The geometrical shape 306 of the unit cell is also defined as a tensor U∈R3×m where the first and second dimensions are the point coordinates, and the third dimension is a vector of ones enabling the translation operation in the transformation matrix and m determines the number of vertices used to create the shape. The unit cell shape can be created within the framework methods or can be manually loaded from a file. The purpose of this step is to map the shape to the desired position, orientation, and form. It should be noted that T can also model shearing, reflection, and in general any mapping that can be expressed as a 3×3 matrix. The transformation tensor is then multiplied by the unit cell tensor, which results in a tensor of generated shapes S∈R3×n×m. The broadcasting feature of PyTorch handles the tensor multiplication with different dimensions, eliminating the need for duplicating the unit cell tensor, making the entire process faster and saving memory. The S tensor 307 includes the generated shapes within the given block 302. Each 2-D slice of S represents a single shape in the block 302.
The following steps demonstrate how the generated shapes are converted to the GDSII format: the augmented dimension of S (i.e., the vector of ones) is discarded and the following operations are performed to the coordinates of S. the numbers are rounded to the nearest integer and their data type is changed from float to integer.

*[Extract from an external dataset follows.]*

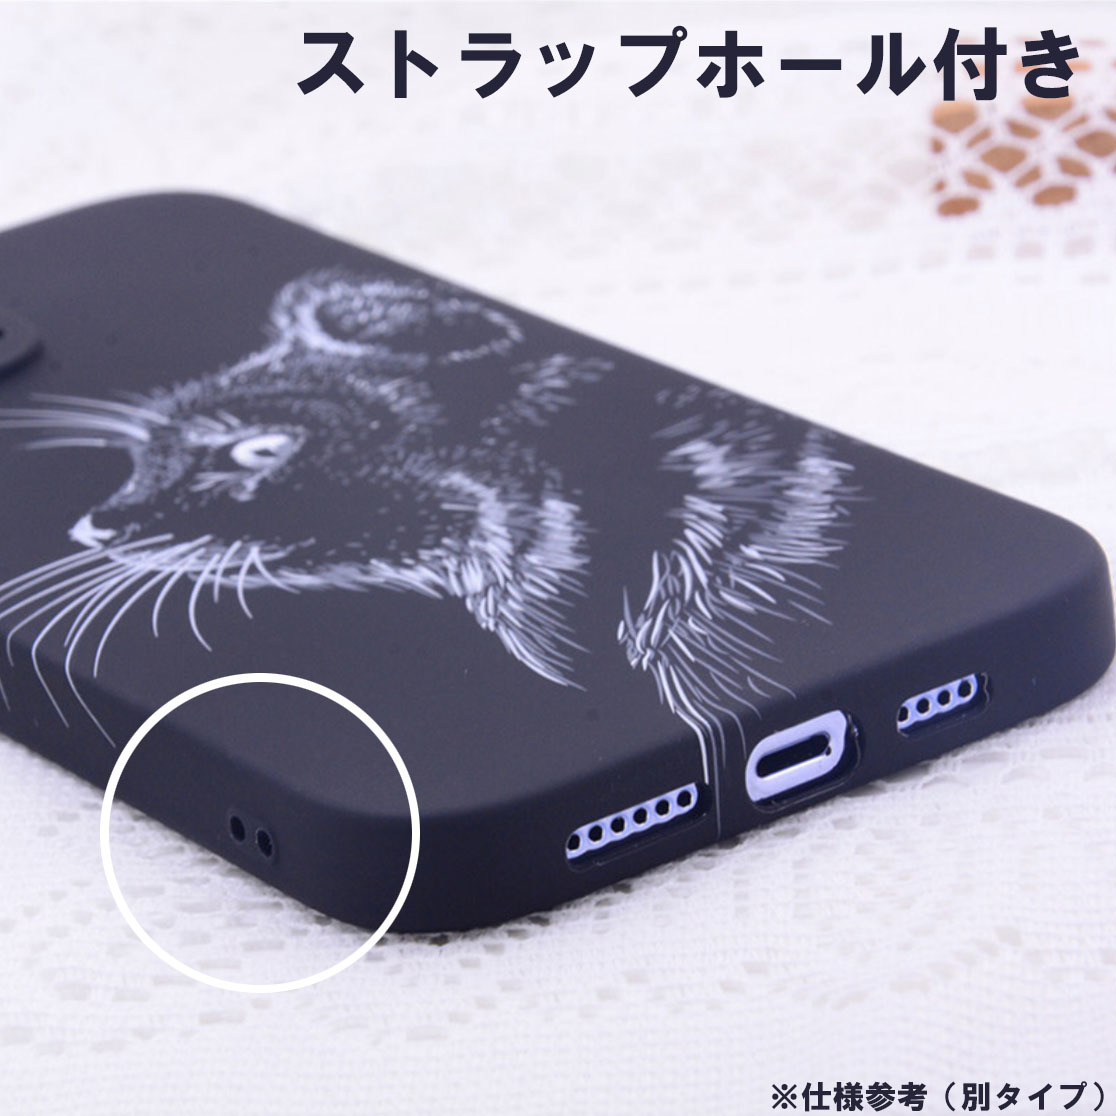 蓄光 光る 発光 耐衝撃 ソフト スマホケース iphone 14 pro 対応 エレファント 象 カワイイ 個性 カラフル ブラック カバー

Additionally, due to the aforementioned problem regarding mandatory conversion between the little-endian to big-endian, the byte order is converted from little-endian to big-endian. Because a vectorized implementation of the conversion is provided in the disclosed framework, this task can also run in parallel. As a result of the conversion, a new tensor Sc∈Z2×n×m 308 is created, where Z denotes the set of integer numbers. Consequently, Sc is interleaved in a way such that the coordinates of each shape are stored consecutively in a single vector; the resulting tensor 309 is Si∈Zn×2m.
The repetitive process of creating the GDSII records is parallelized by treating the record's header and footer as two numerical tensors. Record's header and footer are fixed-size arrays of bytes that contain information about each record, including type of the record, record's length, and its datatype. In the next step, the byte arrays are converted into the vectors of 4-byte signed integers (compatible with the data type of the coordinates). Finally, the conversions are repeated and attached to the interleaved tensor to simultaneously create all of the records 310 within their shapes. The outcome is a tensor of records 311 R∈Zn×(2m+r), where r is the length of the attached header and footer. In the final step, the tensor of records R is rearranged to form a single vector and converted to byte data type representing the data stream 312 of the generated block. The resulting data stream 312 is then written to the disk. This iterative process is repeated until all of the blocks are generated. GDSII inherently offers a built-in feature called reference that enables the designers to define and reuse complicated structures or cells throughout the design hierarchy, hence lowering file size and accelerating the layout generation process.
The framework also offers an on-the-fly compression of the output format, with at least 60% reduction in the file size.
The disclosed ParallelGDS framework has been employed to produce layouts for gradient and geometric metasurfaces of varying dimensions, previously designed in Section 3. Its performance is assessed in relation to prevalent GDSII generation techniques, namely GDSTk, GDSPy, and LUMERICAL's polystencil. All results were obtained using an identical computer system equipped with 128 GB of memory.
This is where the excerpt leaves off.